Ditka is a ubiquitous, inescapable brand. His former players are talking on every radio station, all the time. The fact that there is not a local HD signal or a satellite channel doing 85 Bears talk 24/7 is amazing.

(Wait – I just raised the eyebrows of a program director. "Stay tuned for 'The Henry Waechter Factor!' Followed by 'Fuller and Buford', 'Reggie Phillips' Restaurant Reviews,' and 'Dennis Gentry Talks Movies and Car Repair.'")

And, our desire to keep alive the outsized memories of an outsized team has too much of an impact on the way we view the Bears.

Lovie Smith's team could win the Super Bowl, and the parade would pass by those grumbling about his sideline demeanor not reminding them of Ditka's. It sounds ridiculous, but many of the calls for Bill Cowher are rooted in how well he fits the perceived archetype for a Bears coach.
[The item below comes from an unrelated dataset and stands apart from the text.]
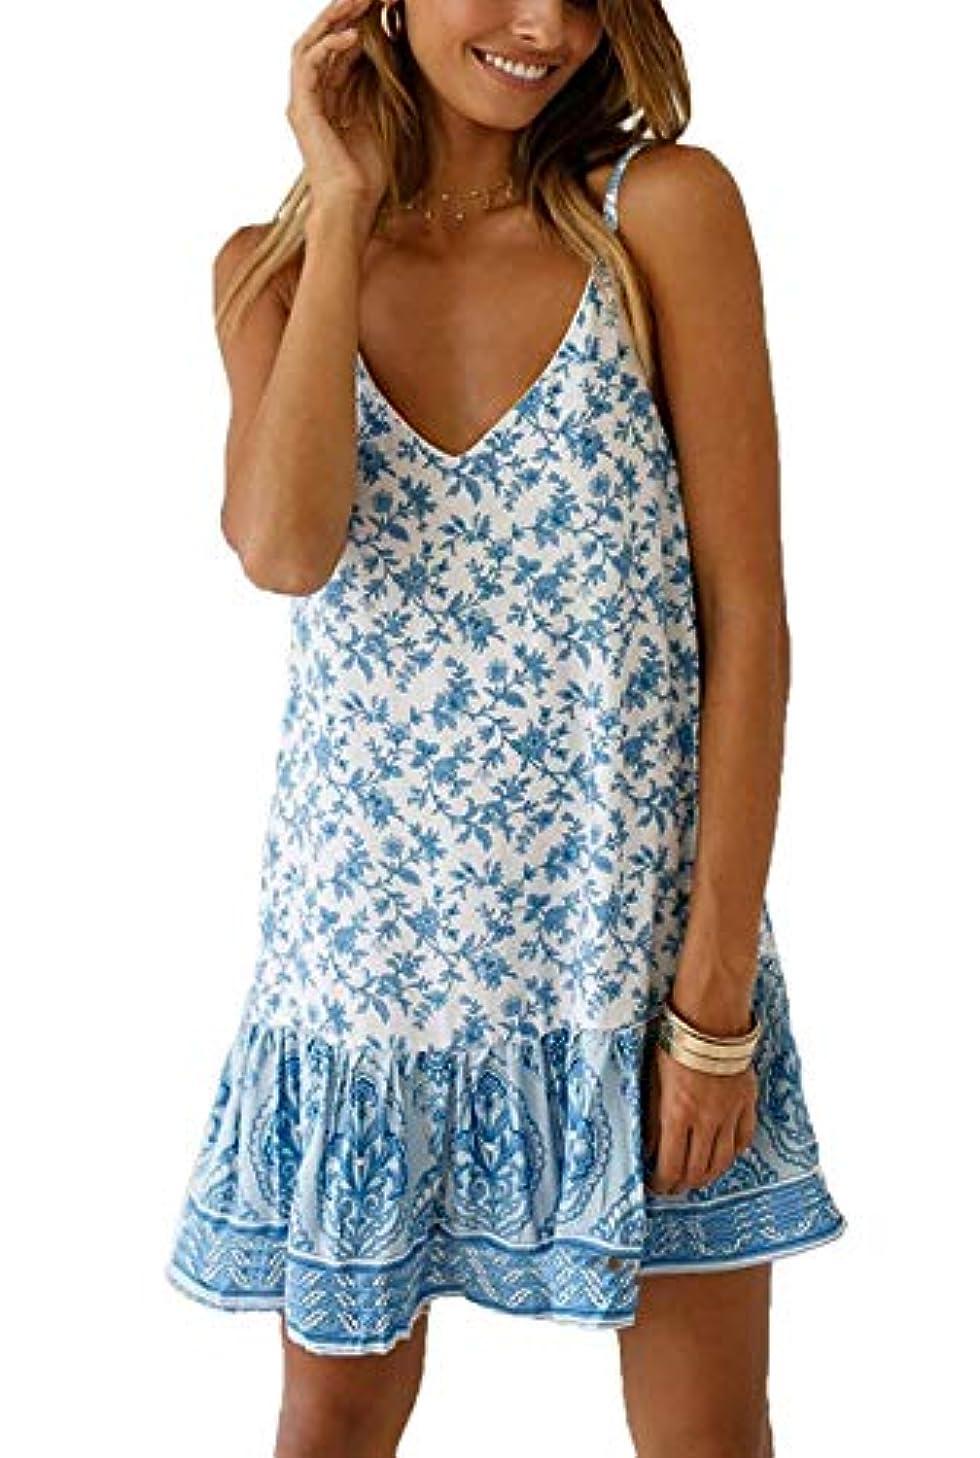 Womens Summer V Neck Spaghetti Strap Sundress Casual Floral Printed Sleeveless Mini Dress

Rather than use the 1985 Bears as an unrealistic, ongoing ideal, the lesson should be the opposite: they are not coming back to play. They will not return to make you feel as you did when you were younger.

Even that very group itself failed to recapture their own magic. What should speak loudest is that lesson: they could never live up to themselves. It is hugely unfair, then, to expect others to become them, just because the logo on the helmet is the same.

With every year that passes, I see beloved memories turning more and more into grotesque, Dickensian ghosts.